Ferie: il datore di lavoro può impedirne o interromperne il godimento?

Ferie: il datore di lavoro può impedirne o interromperne il godimento?

Sommario: 1. Introduzione – 2. Il diritto alle ferie – 3. La durata delle ferie: il periodo legale minimo – 4. La maturazione delle ferie – 5. Le modalità di godimento delle ferie – 6. Il potere di disporre delle ferie

           

1. Introduzione

Con l’avvicinarsi della bella stagione si iniziano a fare programmi per le vacanze estive.

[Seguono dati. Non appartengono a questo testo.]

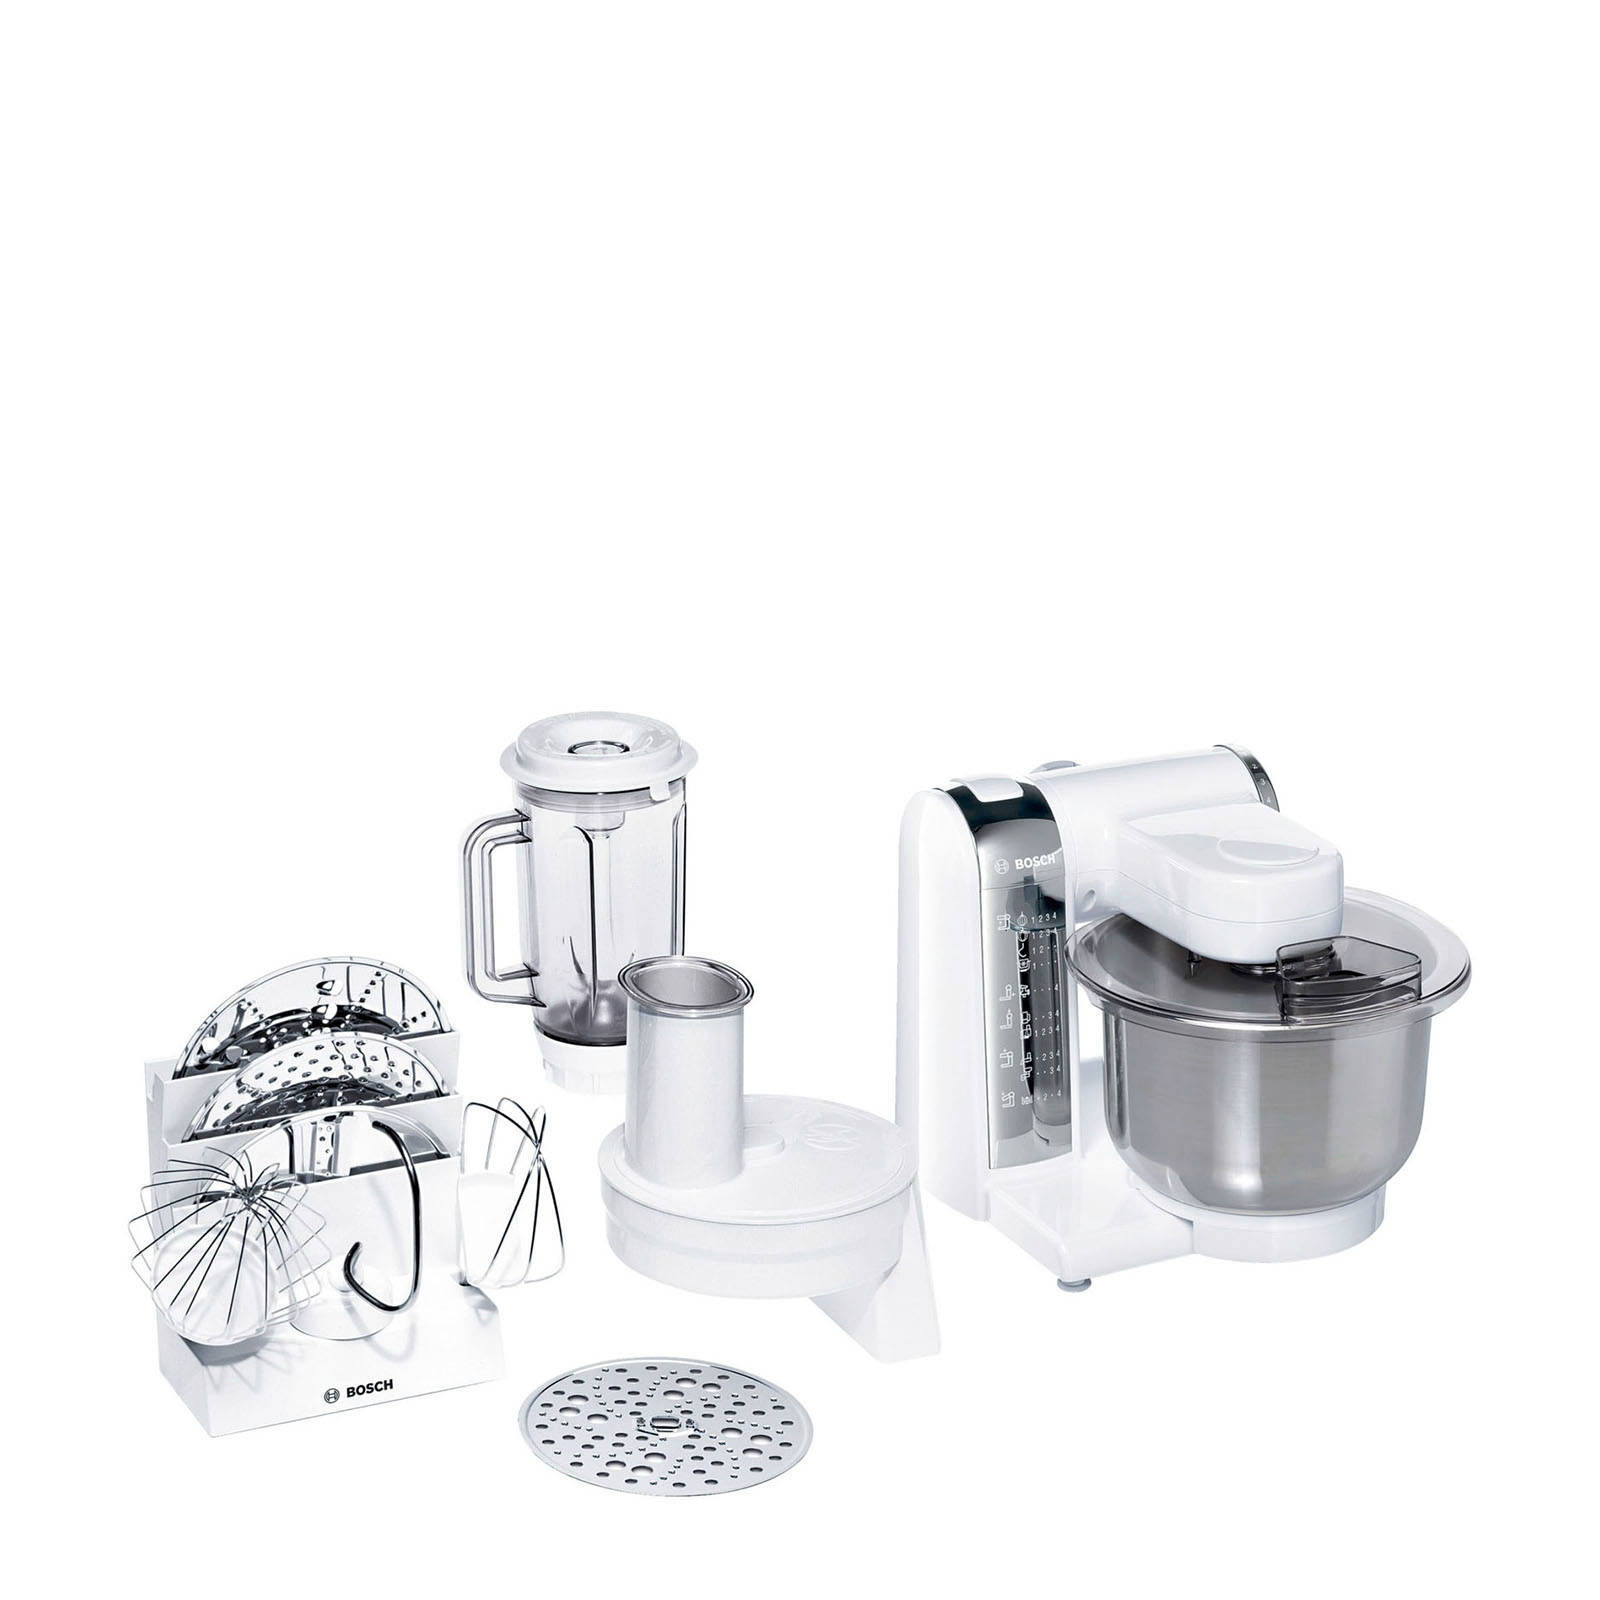 Bosch MUM48CR1 Keukenmachine Wit online kopen

Ciascun lavoratore, quindi, si riserva un determinato periodo di ferie comunicandolo al datore di lavoro.

Ebbene, il datore di lavoro può impedire il godimento delle ferie nel periodo individuato dal lavoratore? E se concesse, può interromperne il godimento?

2. Il diritto alle ferie

Il diritto del lavoratore di godere delle ferie è finalizzato al recupero delle energie psico-fisiche spese nel corso dell’anno per l’esecuzione della prestazione lavorativa, nonché alla soddisfazione di esigenze psicologiche fondamentali, consentendogli di partecipare più incisivamente alla vita familiare e sociale e di tutelare il suo diritto alla salute, nell’interesse dello stesso datore di lavoro.[1]

Il riconoscimento di tale diritto è previsto a livello costituzionale dall’art. 36, comma 3, Cost., nonché da fonti legislative subordinate, quali l’art. 2109 c.c. e l’art. 10 del D.lgs. n. 66/2003.

L’art. 36 Cost. e l’art. 2109 c.c. prevedono che il lavoratore ha diritto a ferie annuali retribuite, specificando espressamente che tale diritto è irrinunciabile[2] (né, tantomeno, tale diritto non può essere negato dal datore di lavoro).

In linea con l’irrinunciabilità delle ferie sancita a livello costituzionale dal summenzionato art. 36 Cost., l’art. 10, comma 2, del D.lgs. n. 66/2003 vieta la monetizzazione delle ferie stabilendo che il periodo feriale cui ha diritto il lavoratore non può essere sostituito dalla relativa indennità per ferie non godute, salvo il caso di risoluzione del rapporto.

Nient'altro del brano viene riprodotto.